O(n) tasks cause lengthy startups and checkpoints

From: "Bossart, Nathan" <bossartn(at)amazon(dot)com>
To: "pgsql-hackers(at)postgresql(dot)org" <pgsql-hackers(at)postgresql(dot)org>
Subject: O(n) tasks cause lengthy startups and checkpoints
Date: 2021-12-01 20:24:25
Message-ID: C1EE64B0-D4DB-40F3-98C8-0CED324D34CB@amazon.com
Views: Raw Message | Whole Thread | Download mbox | Resend email
Thread:
Lists: pgsql-hackers

Hi hackers,

Thanks to 61752af, SyncDataDirectory() can make use of syncfs() to
avoid individually syncing all database files after a crash. However,
as noted earlier this year [0], there are still a number of O(n) tasks
that affect startup and checkpointing that I'd like to improve.
Below, I've attempted to summarize each task and to offer ideas for
improving matters. I'll likely split each of these into its own
thread, given there is community interest for such changes.

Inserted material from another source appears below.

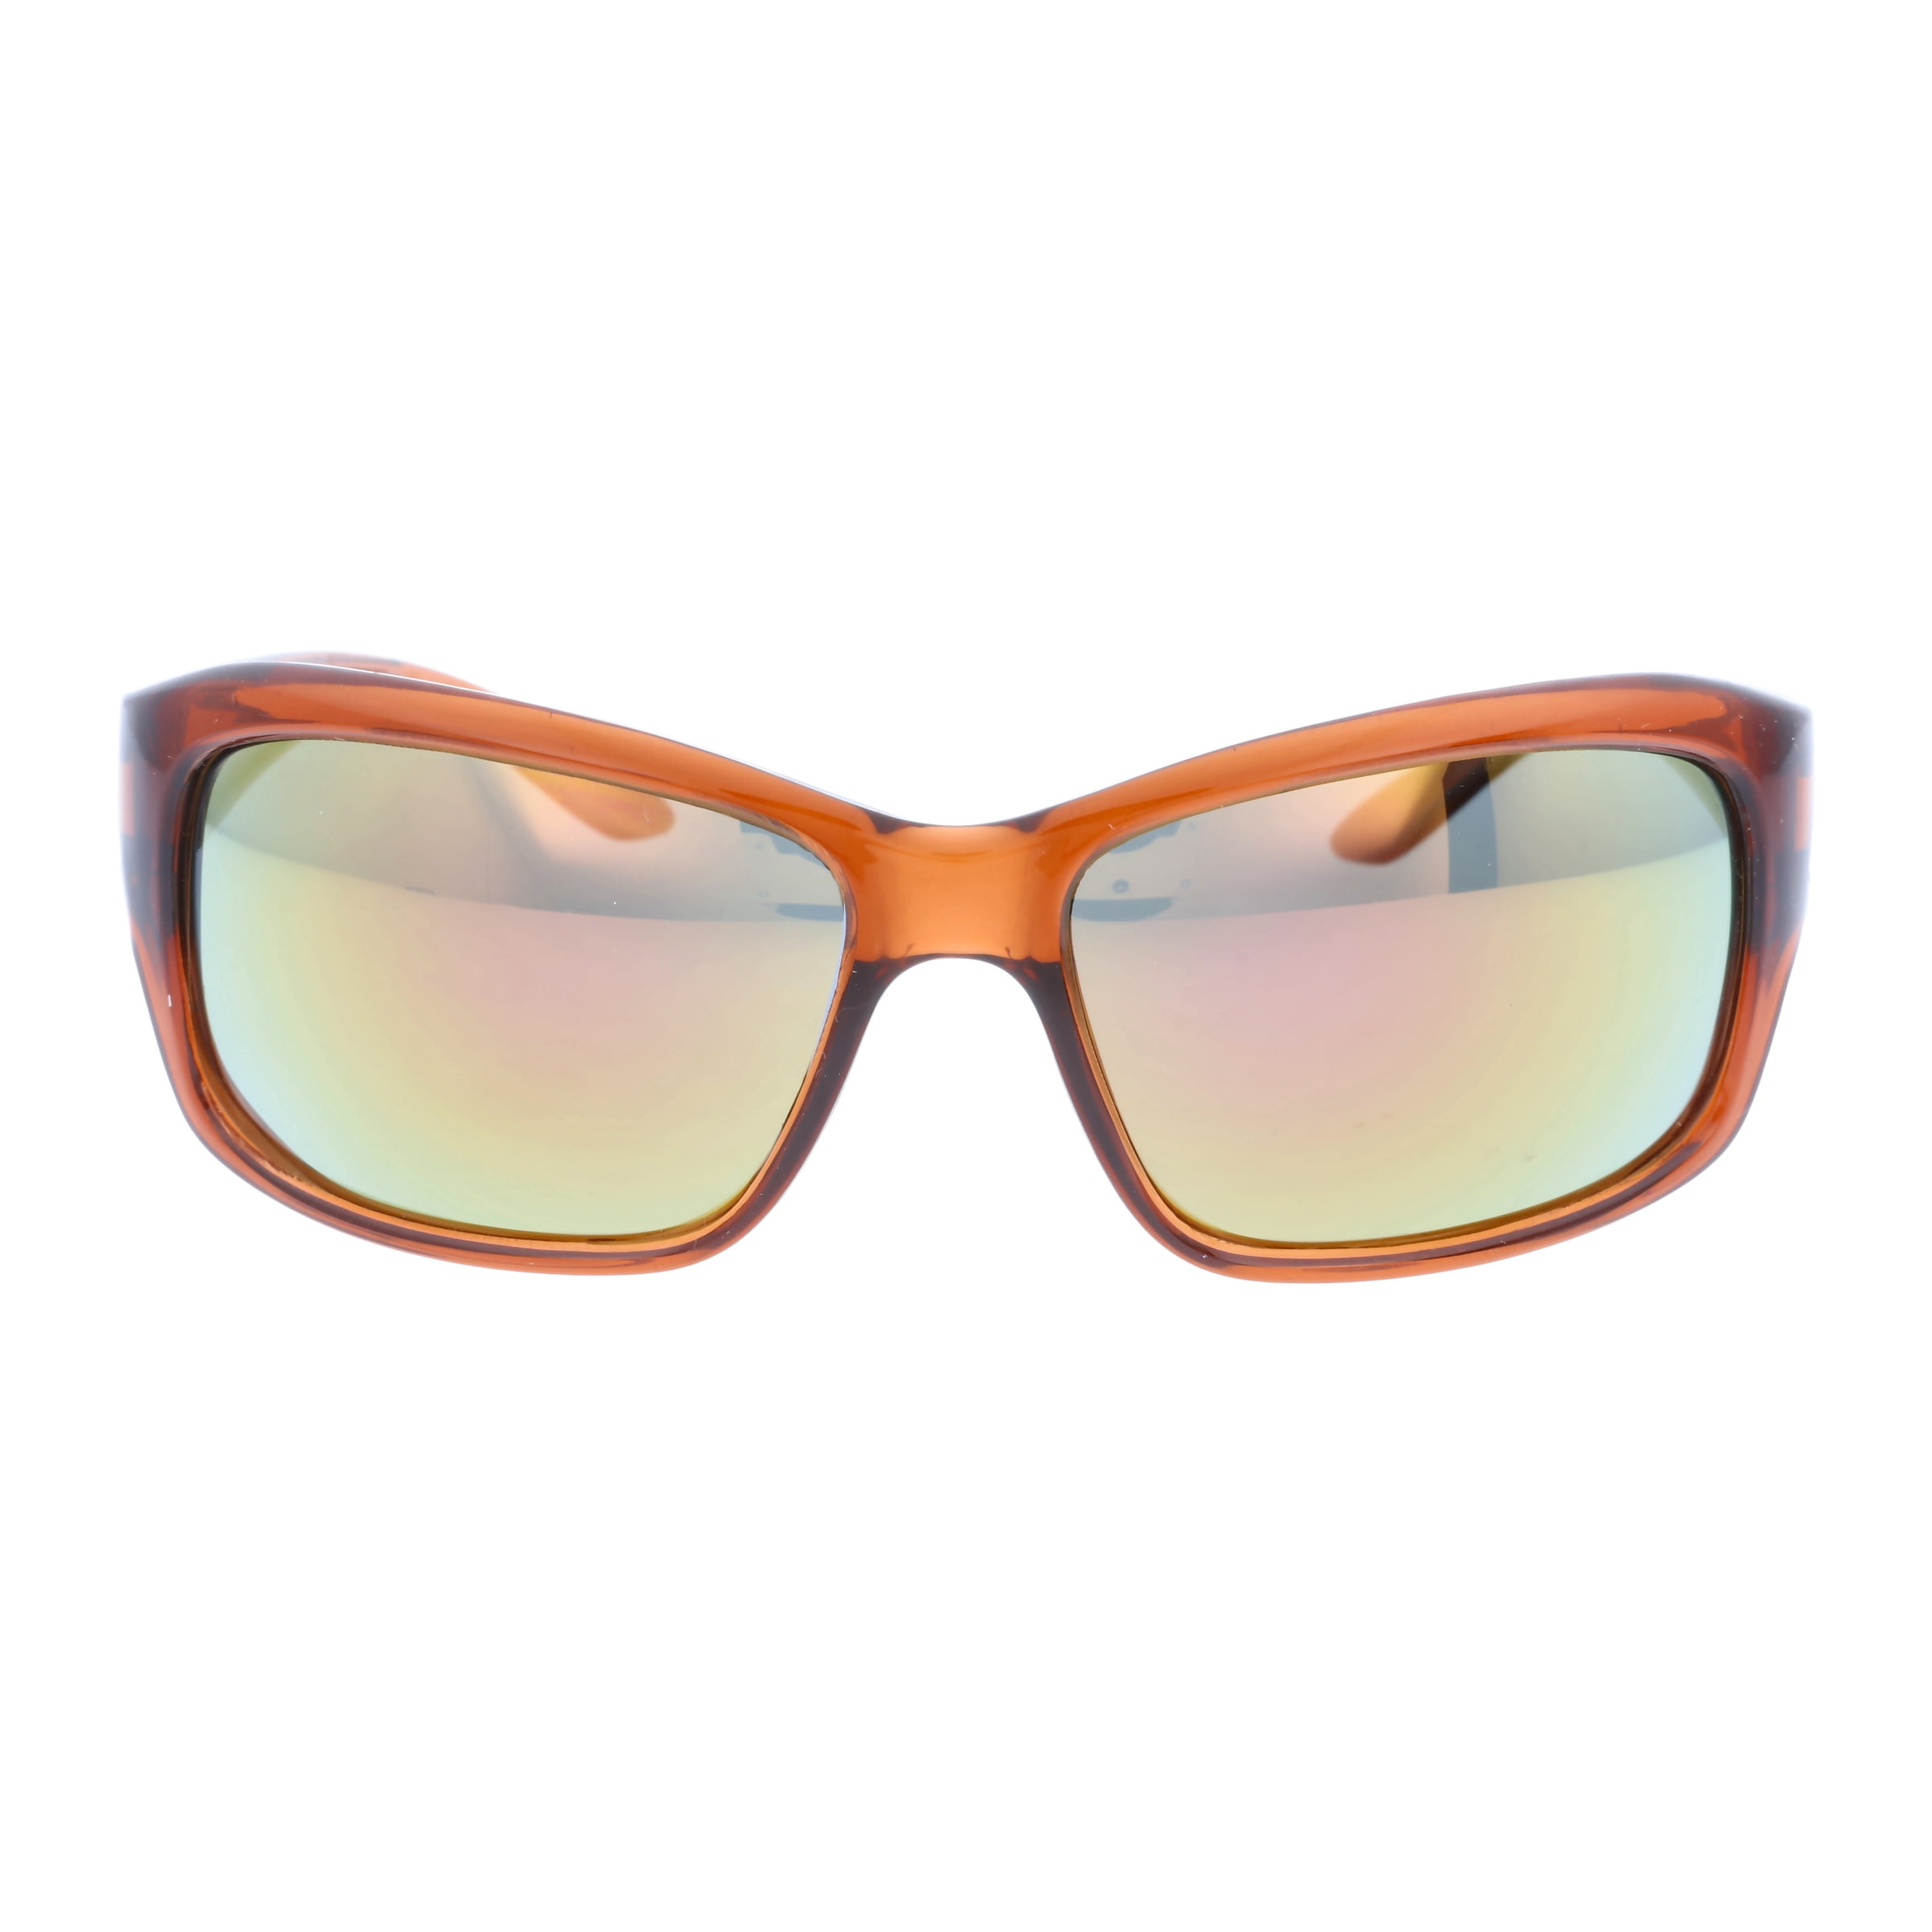 Angler Sunglasses Polarized Brown Cat-3 UV400 Lenses 
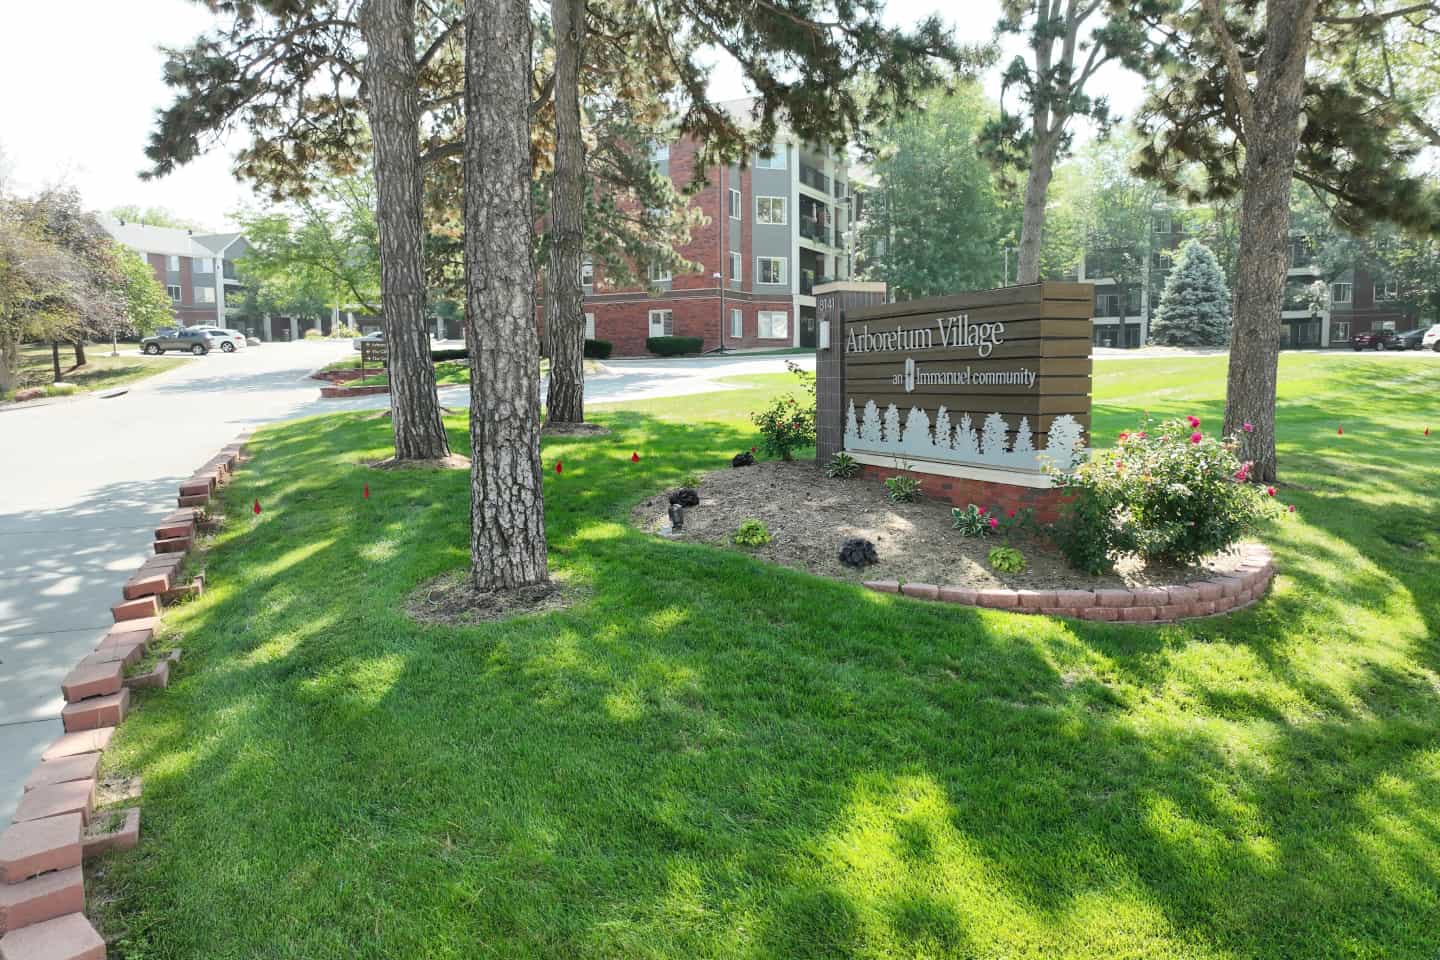 Front Sign of the Arboretum Village campus

1) CheckPointSnapBuild(): This function loops through
pg_logical/snapshots to remove all snapshots that are no longer
needed. If there are many entries in this directory, this can take
a long time. The note above this function indicates that this is
done during checkpoints simply because it is convenient. IIUC
there is no requirement that this function actually completes for a
given checkpoint. My current idea is to move this to a new
maintenance worker.
2) CheckPointLogicalRewriteHeap(): This function loops through
pg_logical/mappings to remove old mappings and flush all remaining
ones. IIUC there is no requirement that the "remove old mappings"
part must complete for a given checkpoint, but the "flush all
remaining" portion allows replay after a checkpoint to only "deal
with the parts of a mapping that have been written out after the
checkpoint started." Therefore, I think we should move the "remove
old mappings" part to a new maintenance worker (probably the same
one as for 1), and we should consider using syncfs() for the "flush
all remaining" part. (I suspect the main argument against the
latter will be that it could cause IO spikes.)
3) RemovePgTempFiles(): This step can delay startup if there are many
temporary files to individually remove. This step is already
optionally done after a crash via the remove_temp_files_after_crash
GUC. I propose that we have startup move the temporary file
directories aside and create new ones, and then a separate worker
(probably the same one from 1 and 2) could clean up the old files.
4) StartupReorderBuffer(): This step deletes logical slot data that
has been spilled to disk. This code appears to be written to avoid
deleting different types of files in these directories, but AFAICT
there shouldn't be any other files. Therefore, I think we could do
something similar to 3 (i.e., move the directories aside during
startup and clean them up via a new maintenance worker).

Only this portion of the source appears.